From then on, an expansionist fiscal policy was adopted, through infrastructure works and the granting of bonuses to public employees. In addition, a protectionist trade policy was inaugurated, through the Free Market Law of January 17, 1953. This regulation introduced a model of multiple exchange rates, aiming to increase exports, decrease non-essential imports, and stimulate the inflow of foreign capital. In practice, it had disappointing results.

In October 1953, although the Brazilian industry continued to grow significantly, the country faced monetary, fiscal, and exchange problems. This required a reformulation of monetary and exchange policies, in two aspects:

  • Instruction 70 of SUMOC: The SUMOC was the Superintendency of Currency and Credit (Superintendência da Moeda e do Crédito), Brazil’s central bank. According to this instruction, the Bank of Brazil would monopolize the sale of foreign currency, and the quantitative control of imports would be abolished — that is, prior authorization to import products would no longer be necessary. Moreover, the system of multiple exchange rates was replaced by a system of bonuses on top of the official exchange rate. In practice, there would be five exchange rates: three rates for imports and two rates for exports, with a protectionist intent.
  • Aranha Program (Programa Aranha): It was an economic plan essentially aimed at curbing inflation, through monetary and fiscal contraction. It prescribed that the Bank of Brazil would be subordinated to the Finance Ministry, to prevent these institutions from adopting contradictory measures (as occurred when Ricardo Jafet was in charge of the bank). Moreover, it prescribed that the government would have a better-defined budgetary policy, to try to curb excessive public spending.

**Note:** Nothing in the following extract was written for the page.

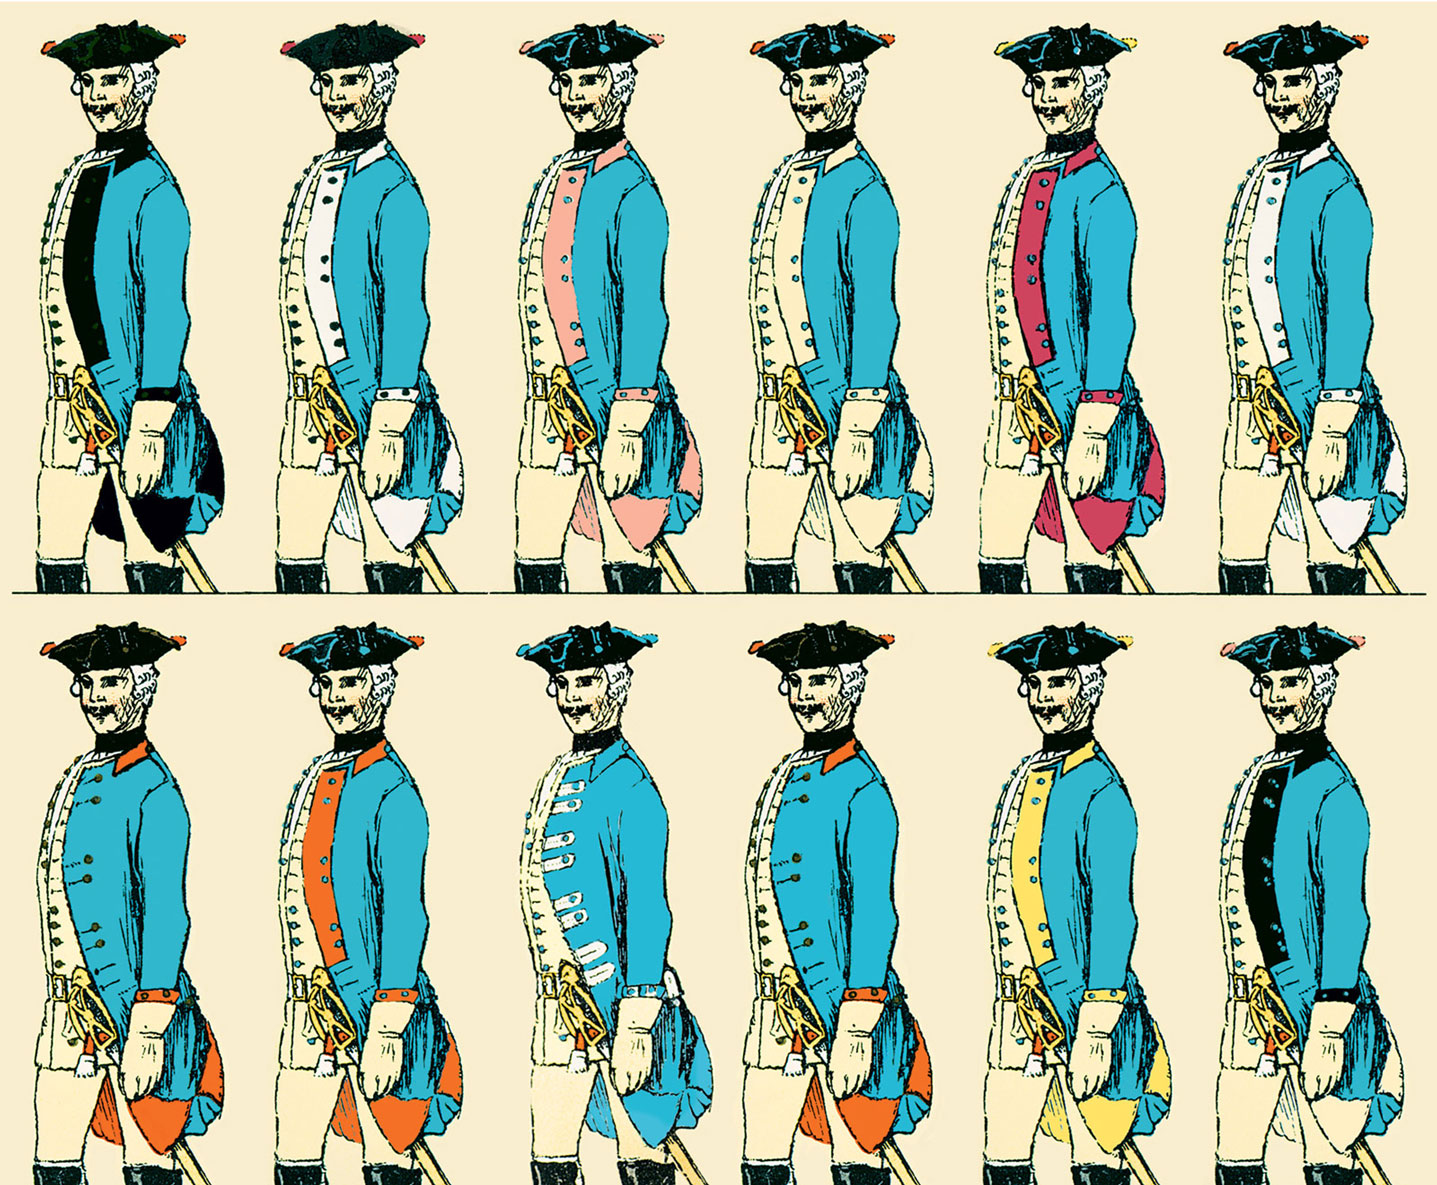 An undated drawing for a guide to Prussian military uniforms from 1746 to 1756.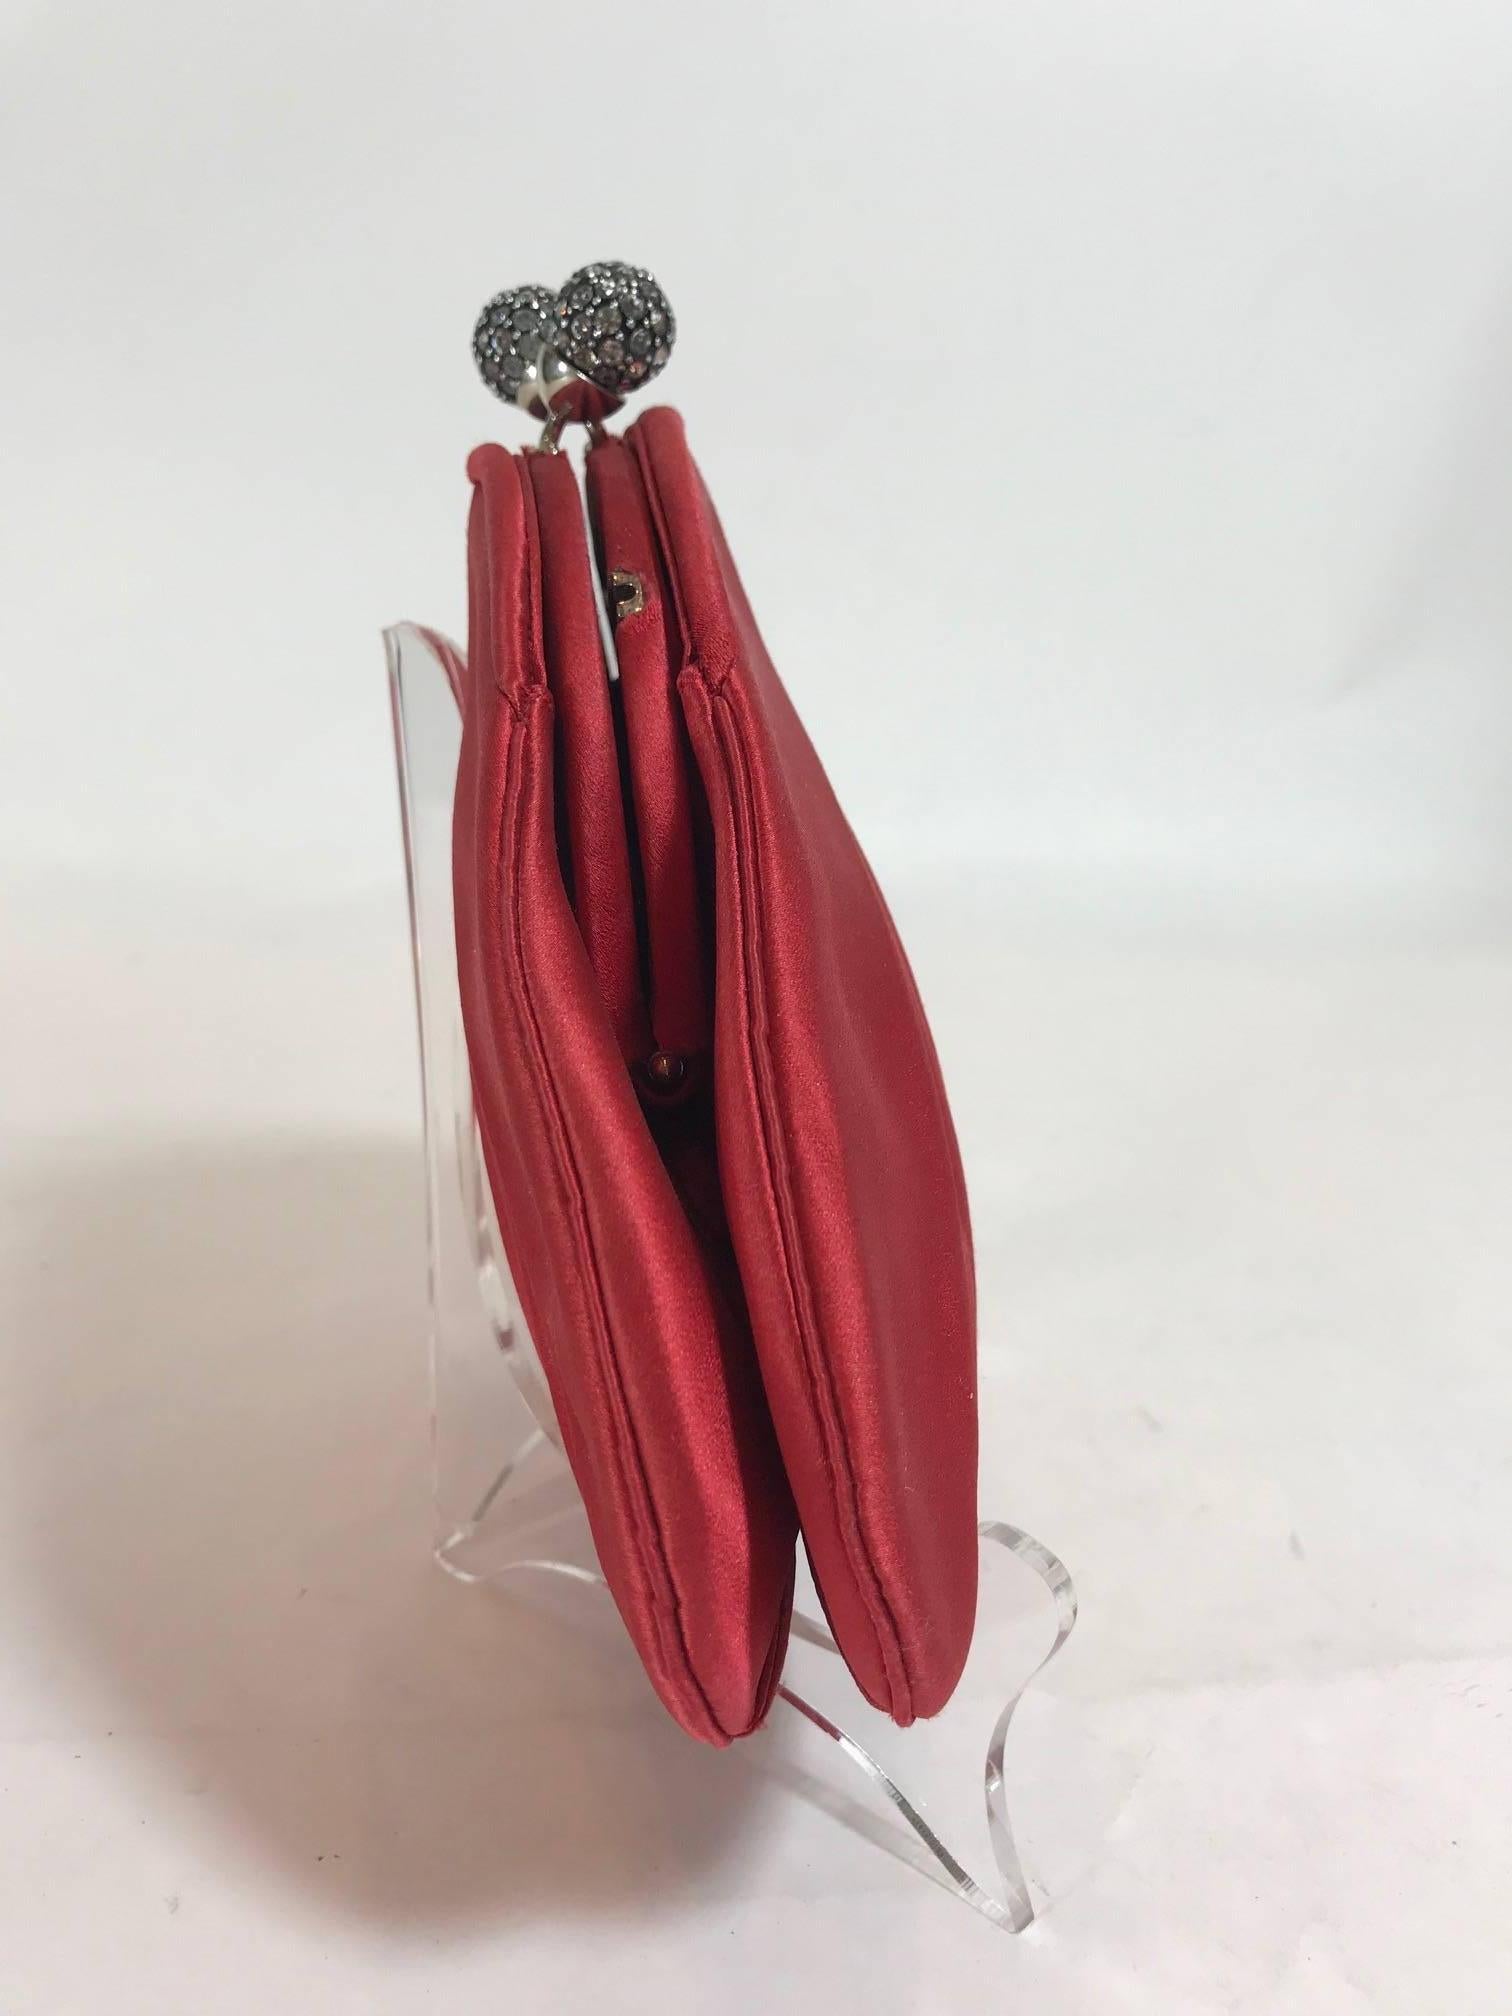 Red satin Judith Leiber evening bag enhanced by silver-tone hardware and a rhinestone encrusted kiss closure clasp. Red satin interior. Original Shoulder Strap included.

The Instruction 70 of SUMOC resulted in a devaluation of the exchange and an increase in government revenue. Thanks to the depreciated exchange, Brazilian exports were encouraged, leading to surpluses in the trade balance. The increase in tax collection, in turn, stemmed from the fact that foreign currency for most imports was sold in auctions over which the government earned a premium. Another consequence of Instruction 70 was the so-called “foreign exchange confiscation” (confisco cambial): the fact that coffee exporters ended up with lower earnings in Brazilian currency. This happened because the exchange rate set for coffee exports was slightly overvalued, as a way to discourage an excess supply by coffee growers. This measure was widely criticized by this economic sector, but it was not revoked.

The Programa Aranha failed to control inflation, because the government was unable to reduce public investments and because commercial protectionism made it difficult to import cheaper foreign products into the country.

Thus, at the beginning of 1954, Brazil faced a situation of inflation, fiscal deficit, and currency devaluation. Throughout that year, the situation worsened:

  • Inflation and fiscal deficit worsened: On May 1, 1954, the government granted a 100% increase in the minimum wage for the entire population. This adjustment was far above what would have been necessary to compensate for the wage losses caused by inflation (53%). Moreover, such a measure was in direct contradiction to the ideas of politicians like Sousa Dantas, president of the Bank of Brazil, who proposed an adjustment of 33%.
  • The situation on the balance of payments worsened: Faced with a rise in international coffee prices, some consumers in the United States decided to boycott this product. In their view, Brazil adopted monopolistic practices in the coffee market. In reaction, they abruptly stopped buying coffee, causing an immediate drop in Brazilian exports.

On August 14, 1954, the government even tried to face the deterioration of the Brazilian economy, through the issuance of Instruction 99 of SUMOC. This law allowed the sale of part of the foreign currency obtained from coffee exports on the free market, without surcharges, as a way to reduce the minimum price of coffee. It caused a 27% currency devaluation but was ineffective in aiding the coffee sector. Regardless, the economic problems would be left as a legacy for the subsequent administration, because Getúlio Vargas faced political woes and decided to commit suicide on August 24, 1954. For a brief period, Brazil would be governed by then Vice President, Café Filho.